Repelita Jakarta – Rancangan Undang-Undang (RUU) Perampasan Aset kembali tidak masuk dalam daftar Program Legislasi Nasional (Prolegnas) Prioritas 2025.
Keputusan ini memunculkan pertanyaan mengenai keseriusan pemerintah dan DPR dalam memberantas korupsi secara efektif.
RUU Perampasan Aset bertujuan memberikan dasar hukum bagi negara untuk menyita aset yang diduga hasil tindak pidana korupsi tanpa harus menunggu proses peradilan selesai.
Hal ini penting mengingat banyaknya kasus korupsi besar yang merugikan negara, namun pelaku masih dapat menikmati hasil kejahatannya karena proses hukum yang panjang dan berlarut.

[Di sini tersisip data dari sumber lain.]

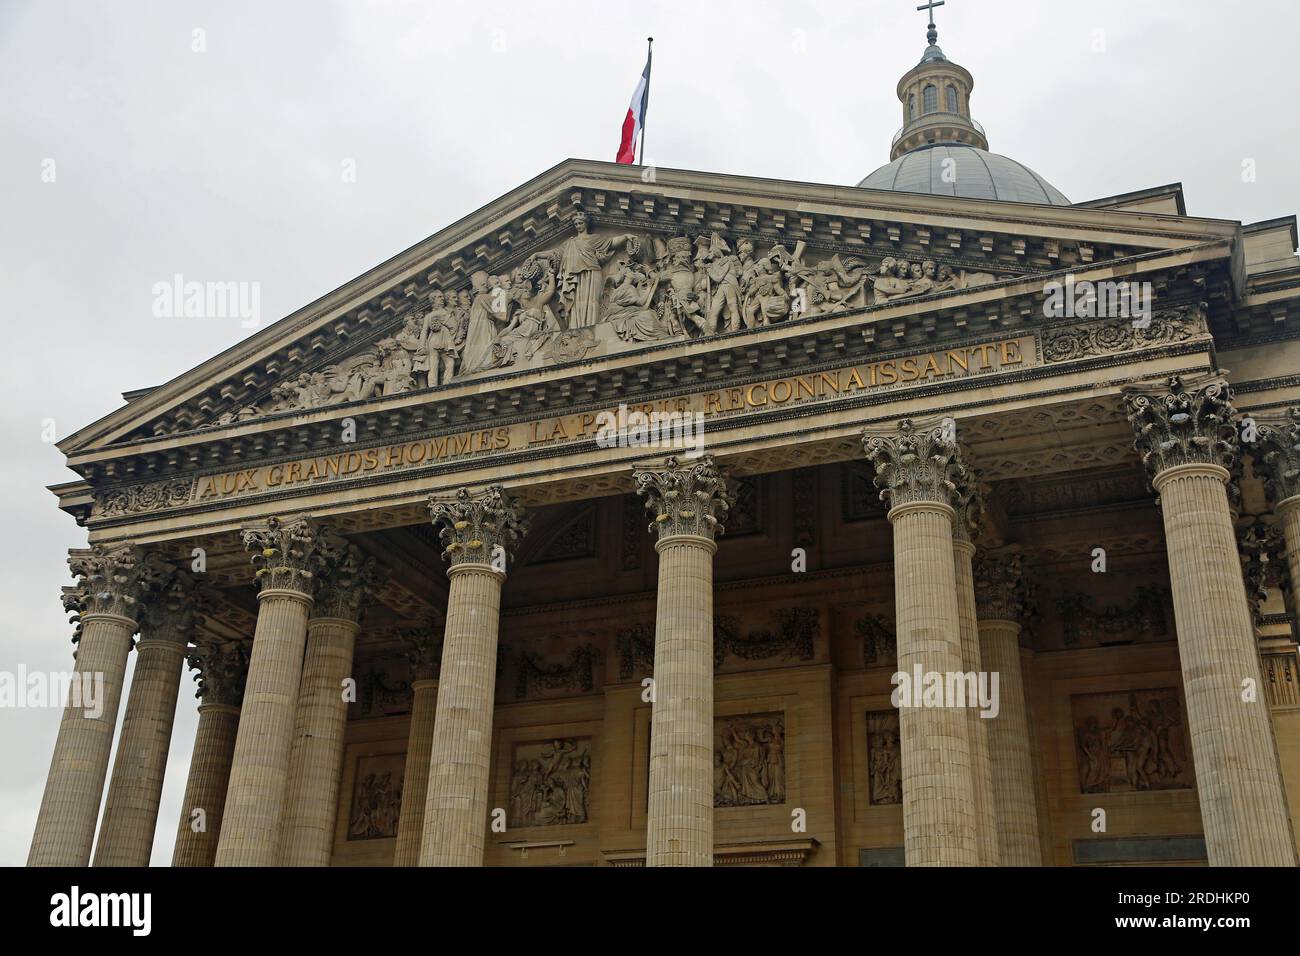 Corinthian column and the pediment - Pantheon - Paris, France Stock Photo
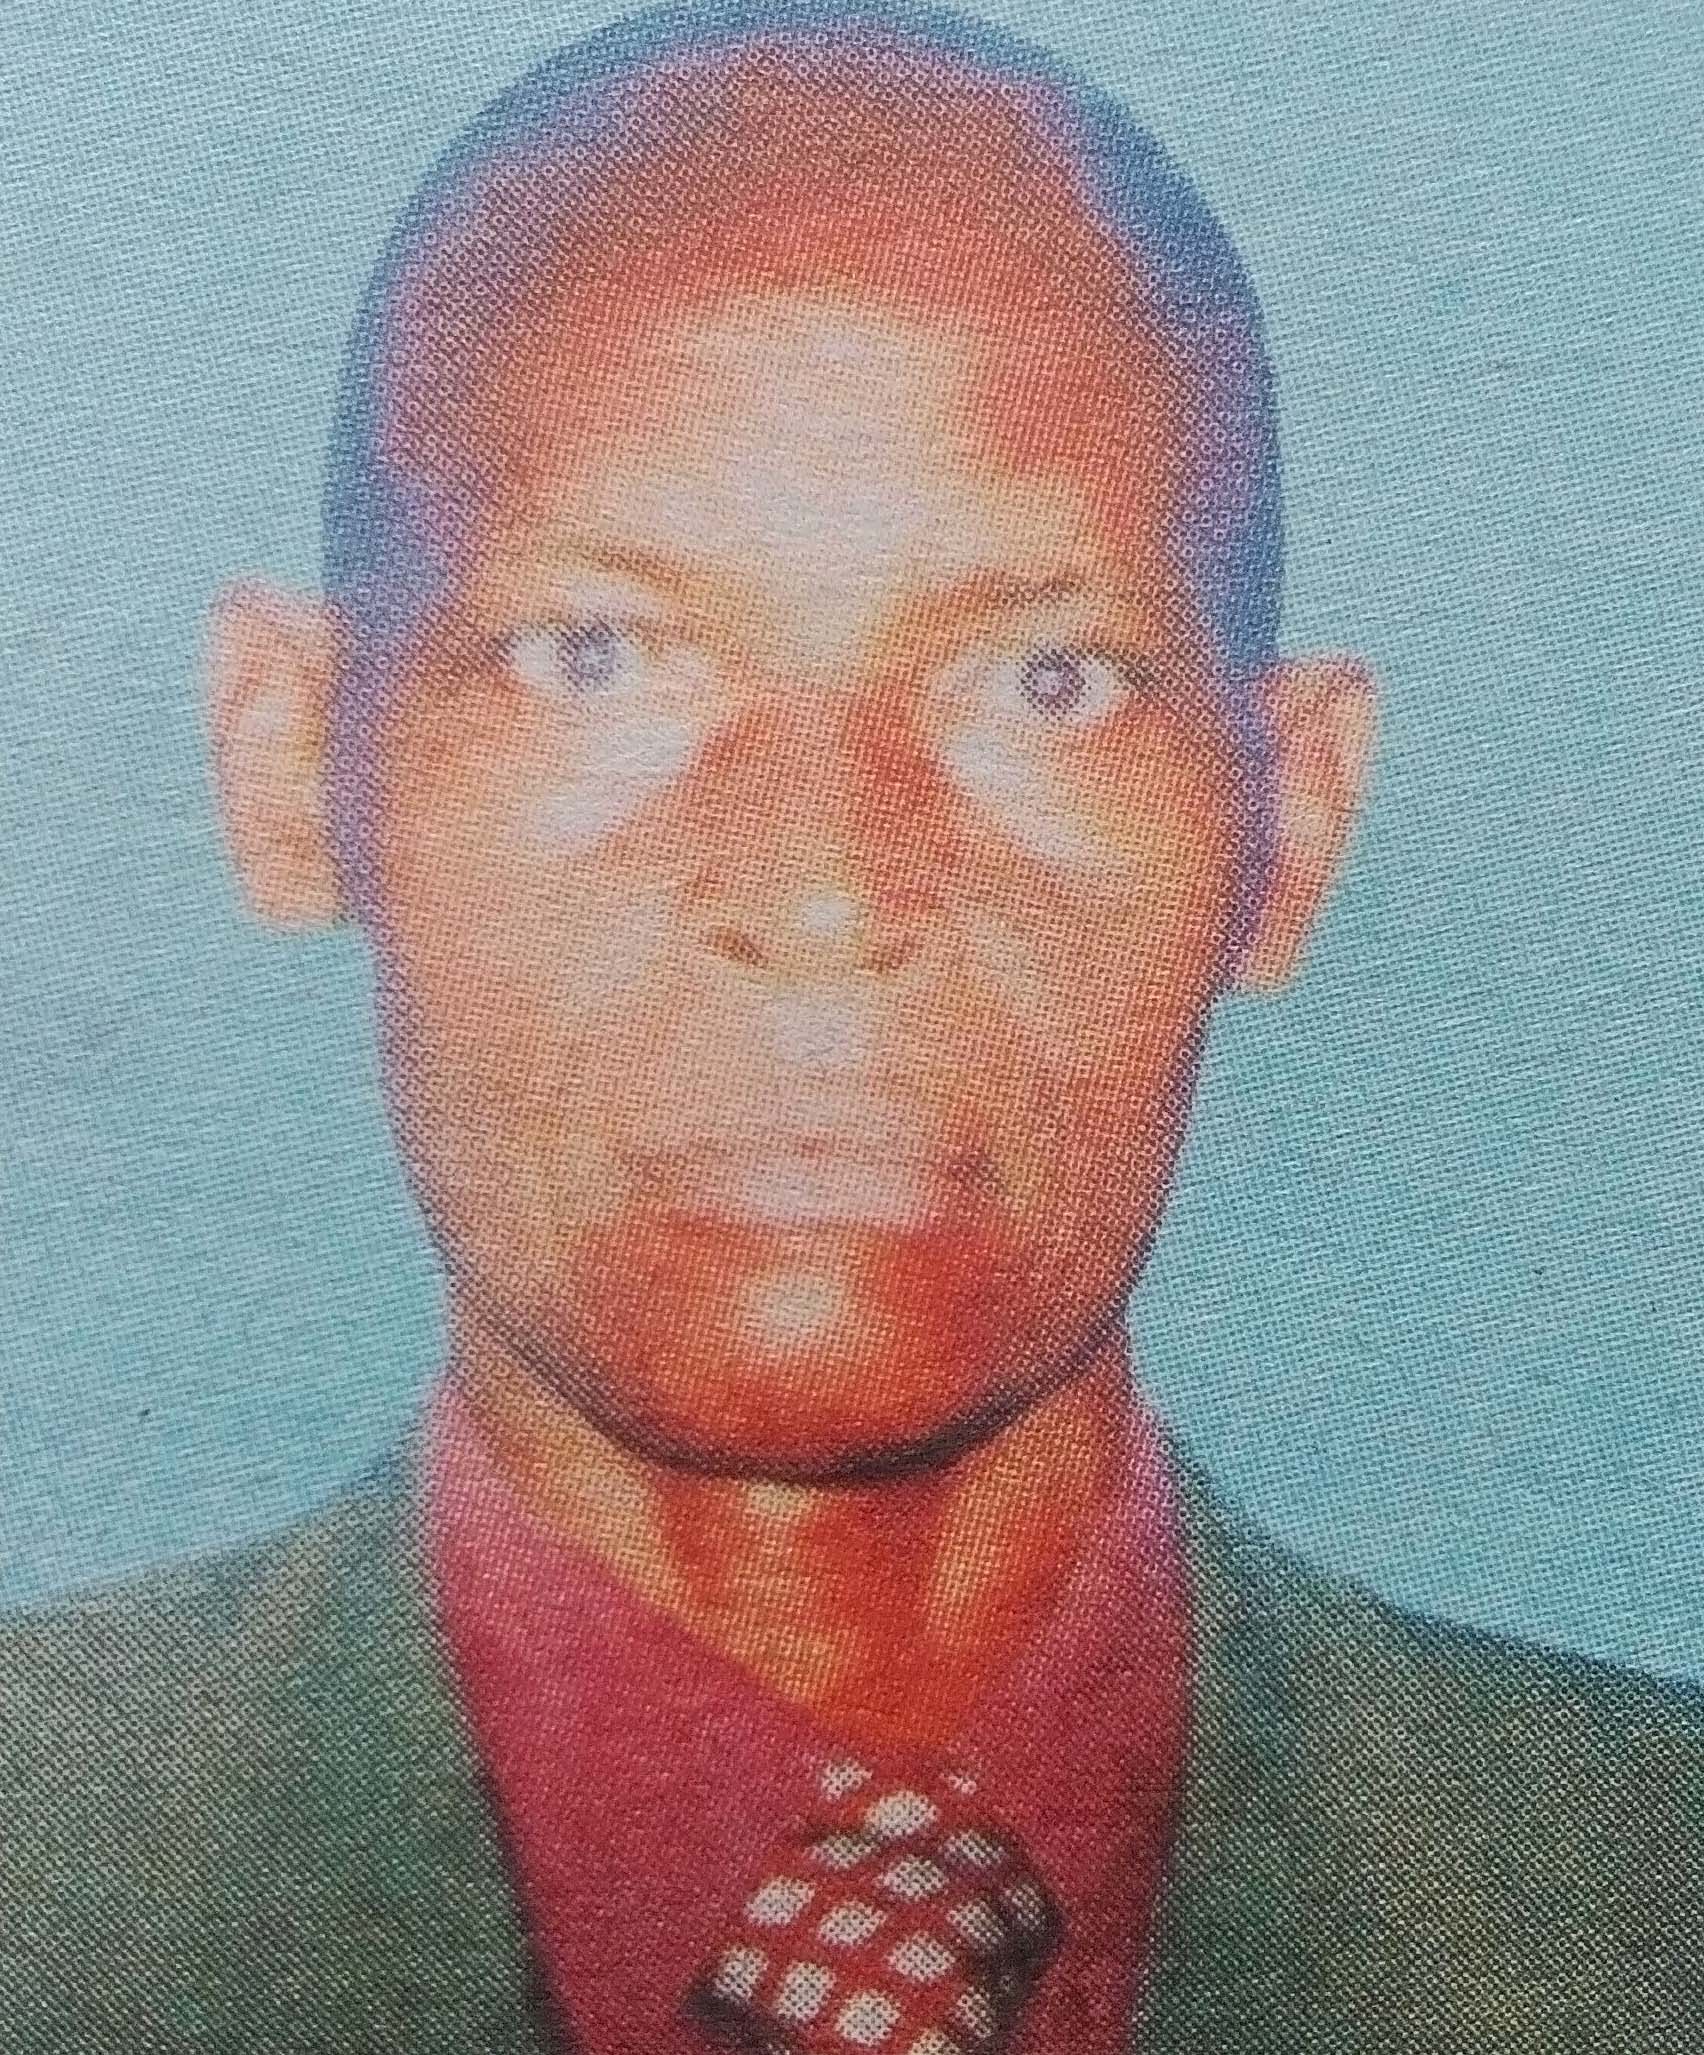 Obituary Image of Jeremiah B. Maseki Ithuku

Namun, meskipun RUU ini dianggap penting oleh berbagai kalangan, termasuk Komisi Pemberantasan Korupsi (KPK) dan pakar hukum, RUU tersebut tidak dimasukkan dalam Prolegnas Prioritas 2025.
Ketua Badan Legislasi (Baleg) DPR, Bob Hasan, menjelaskan bahwa RUU ini masih perlu kajian lebih lanjut dan dimasukkan dalam Prolegnas jangka menengah 2025-2029.
Ia menambahkan bahwa DPR serius dalam membahas RUU ini, namun perlu pendalaman materi lebih mendalam.
Di sisi lain, Wakil Ketua Baleg DPR, Ahmad Doli Kurnia, berpendapat bahwa pemberantasan korupsi di Indonesia sudah cukup tanpa perlu adanya RUU Perampasan Aset.
Menurutnya, upaya pemberantasan korupsi yang telah dilakukan selama ini sudah memadai, meskipun ia tidak menutup kemungkinan untuk membahas RUU tersebut di masa mendatang.
Keputusan ini menuai kritik dari berbagai pihak.
Indonesia Corruption Watch (ICW) menilai langkah DPR yang tidak memasukkan RUU Perampasan Aset dalam daftar usulan Prolegnas 2025-2029 sangat mengecewakan publik.
Menurut ICW, hal ini menunjukkan kurangnya komitmen politik dalam memberantas korupsi secara serius.
RUU Perampasan Aset sebelumnya telah masuk dalam Prolegnas Prioritas 2023 dan mendapat dukungan dari Presiden Joko Widodo melalui surat presiden (surpres) bernomor R 22-Pres-05-2023.
Namun, hingga kini, RUU tersebut belum juga disahkan.
Pemerintah beralasan bahwa RUU ini masih perlu pembahasan lebih lanjut dengan DPR dan alat kelengkapan dewan (AKD).
Dengan tidak dimasukannya RUU Perampasan Aset dalam Prolegnas Prioritas 2025, muncul pertanyaan besar mengenai keseriusan pemerintah dan DPR dalam memberantas korupsi.
Apakah tanpa RUU ini, upaya pemberantasan korupsi akan tetap efektif?
Ataukah justru akan semakin sulit untuk menindak tegas para pelaku korupsi yang selama ini masih dapat menikmati hasil kejahatannya?
Penting bagi masyarakat untuk terus mengawal proses legislasi ini dan memastikan bahwa upaya pemberantasan korupsi tidak hanya menjadi wacana, tetapi juga diimplementasikan melalui regulasi yang kuat dan efektif.